Friday, November 28, 2008

Love

Well this post is probably a little late but it's intended to be for the problem of evil week. Oh well. Vacation's as good a time as any to get it done.

So I was really stimulated by Friday's discussion with the guest speaker. Even when responding to student questions he responded promptly and coherently. Seeing as how student comments are unpredictable and so can't be prepared for beforehand, his quick responses show just how well he knows his stuff. If I didn't miss anything, a summary of the discussion is this: his professor's theory to answer the problem of evil proposes that given God is all-powerful AND all good, evil exists for some good reason He knows and He will reveal to us at some point in the future. But toward the end of the class period, the speaker suggested his opinion that God's "power" (given that He is all-powerful) is love-- a self-sacrificing love that entails the ability to negate evil. Hence God sent His son Jesus (who is a part of Himself) as a sacrifice to eradicate the evil that resulted from human free will.
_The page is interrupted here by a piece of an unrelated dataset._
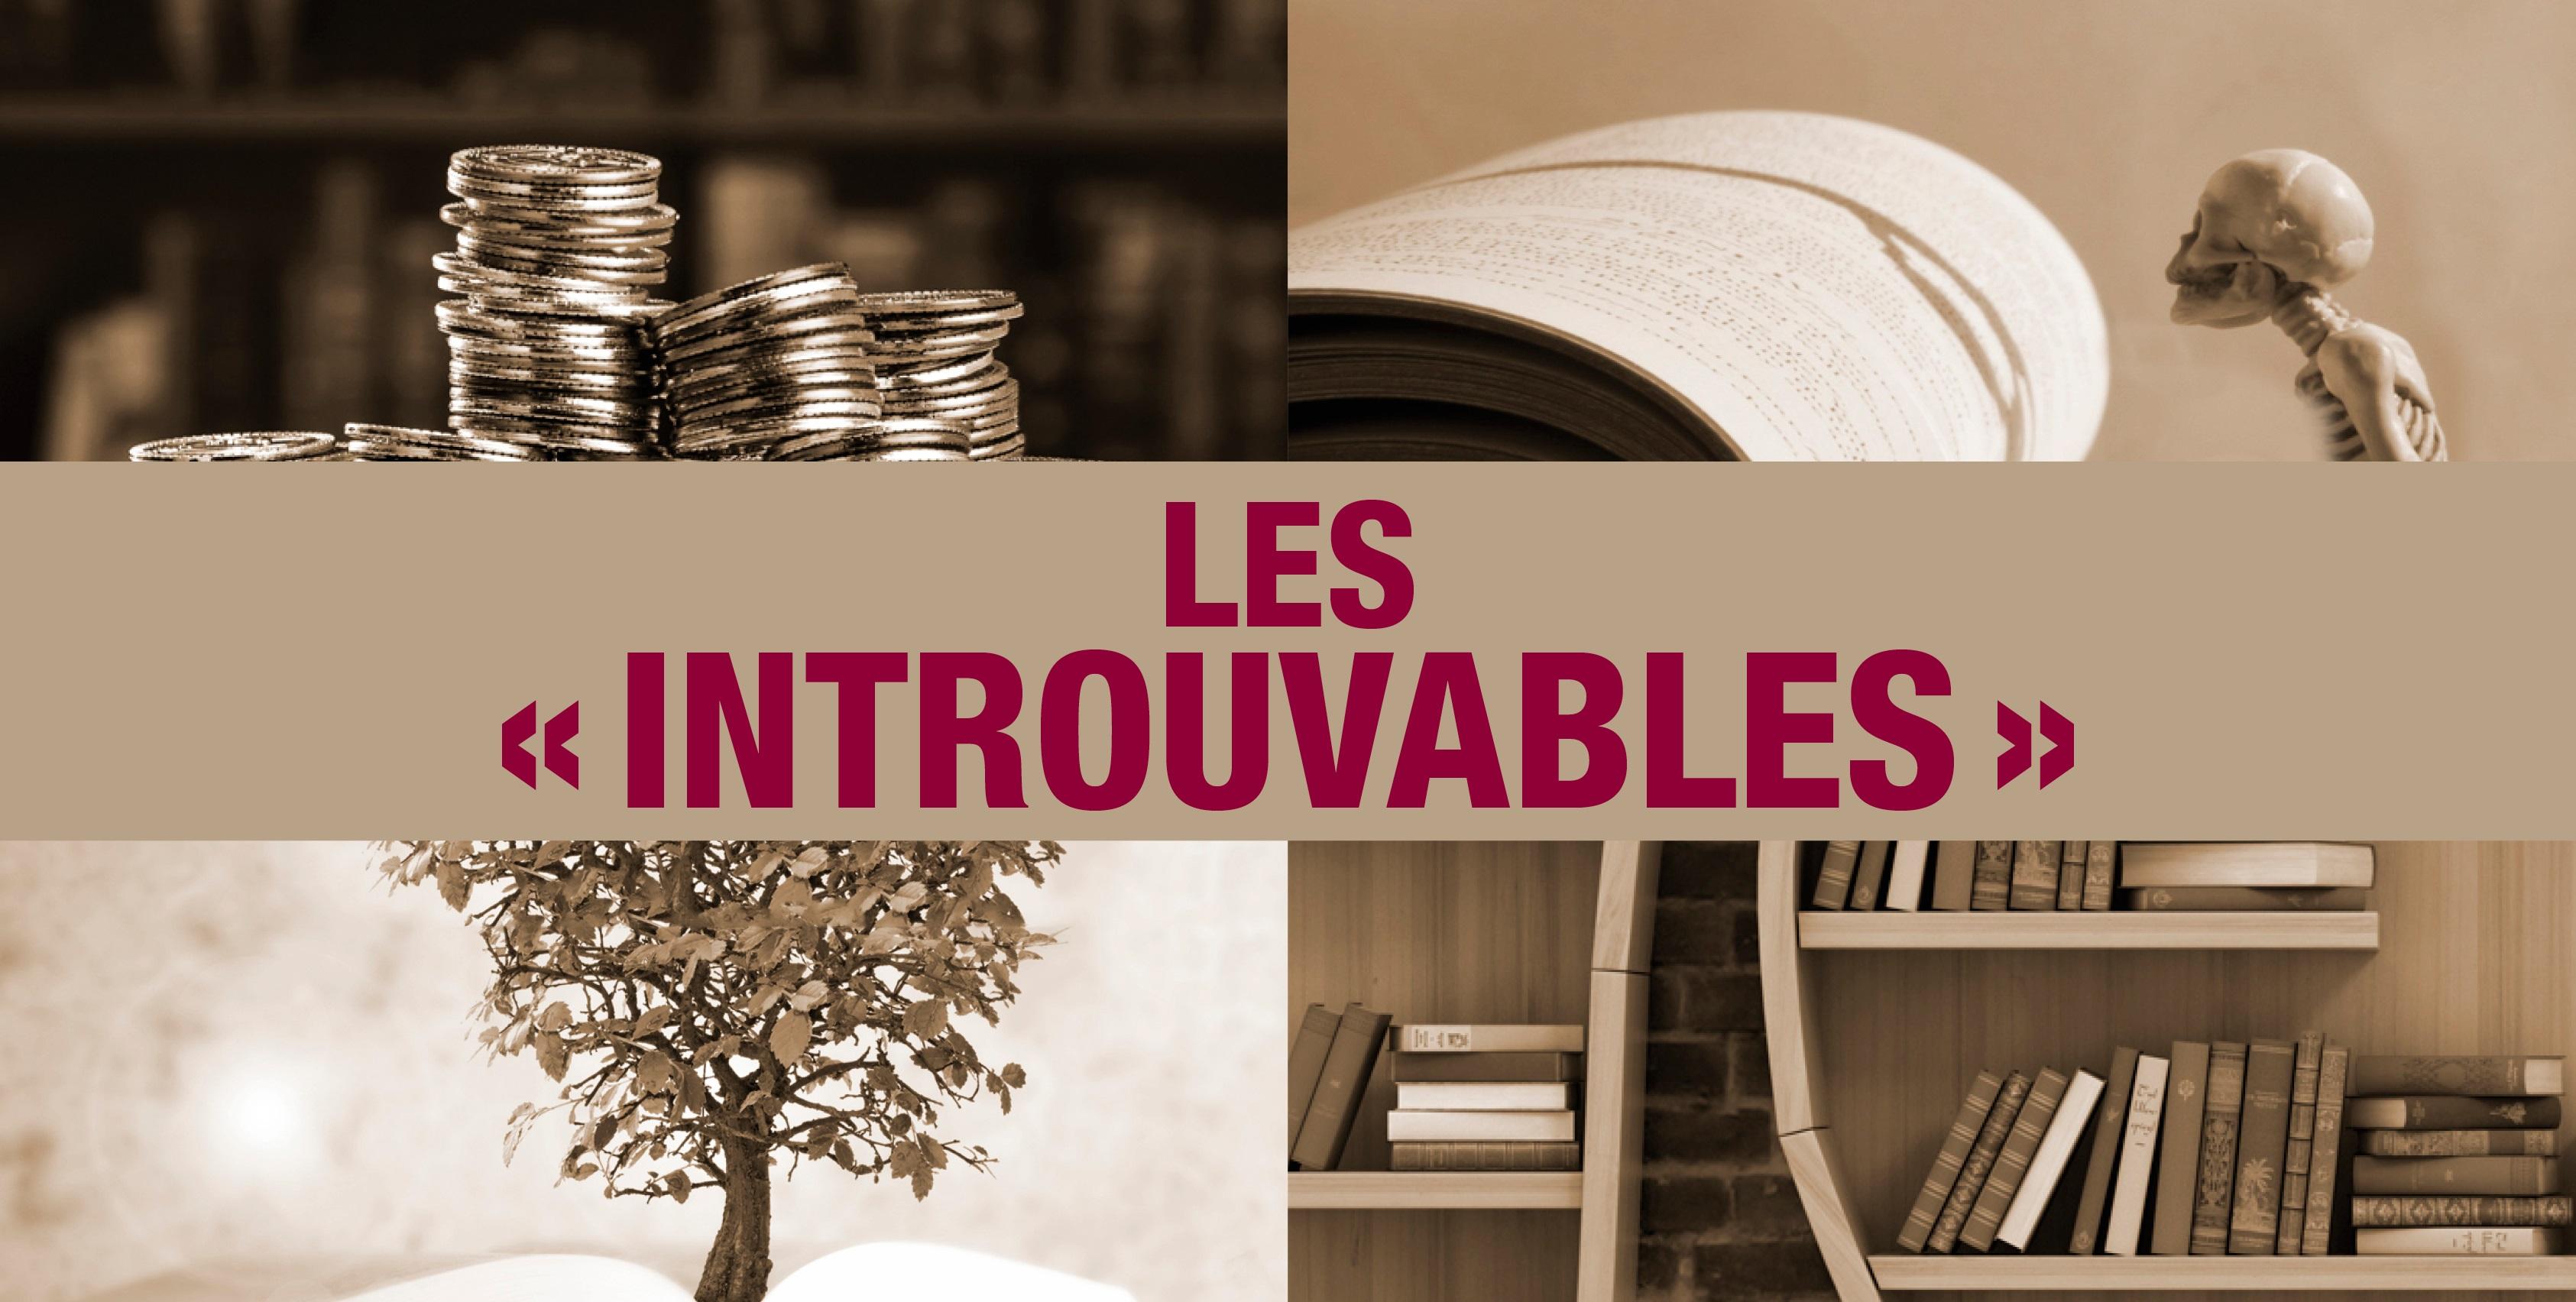 Presses universitaires de france puf livres manuels et revues les introuvables des livres rares nouveau disponibles fandeluxe Image collections

Now here's the kicker... it seems fate decided to toy with me yet again. My previous two blog posts were entitled "Faith" and "Hope". With my Adventist background, I noticed I unwittingly fell into a trend. Check out this Bible verse:

"But now abideth FAITH, HOPE, and LOVE, these three; and the greatest of these is love."
-- 1 Corinthians 13:13 (ASV)

So even before that discussion, and even before the week started, I had decided to follow the pattern and entitle this next post "Love" regardless of what I would blog about. Little did I know that love would actually be the topic of this blog. Coincidence? I think not.
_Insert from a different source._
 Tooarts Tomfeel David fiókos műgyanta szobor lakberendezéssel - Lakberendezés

So what's the moral here then? I dunno. But I think there's some truth in both our guest speaker's and his professor's ideas. It seems to me that whether or not love, that is, a self-sacrificing love, will be enough to eliminate evil is something that only time will tell. As I was reading in some commentary on this verse, there is a good reason love is the greatest of these three values. Faith is only good in the absence of sight or experience, and hope is only good until that hope comes to fruition. Once Jesus returns to redeem the saints (assuming He does), faith and hope will become antiquated. But love is the virtue that will characterize the world thereafter, and so it is the true and eternal ideal virtue. Of course, the present world needs both faith and hope that God is who we believe Him to be in order for human society to even place enough value on self-sacrifice to make it a functional virtue. Though that's what makes love an ideal... striving for it is a continual process.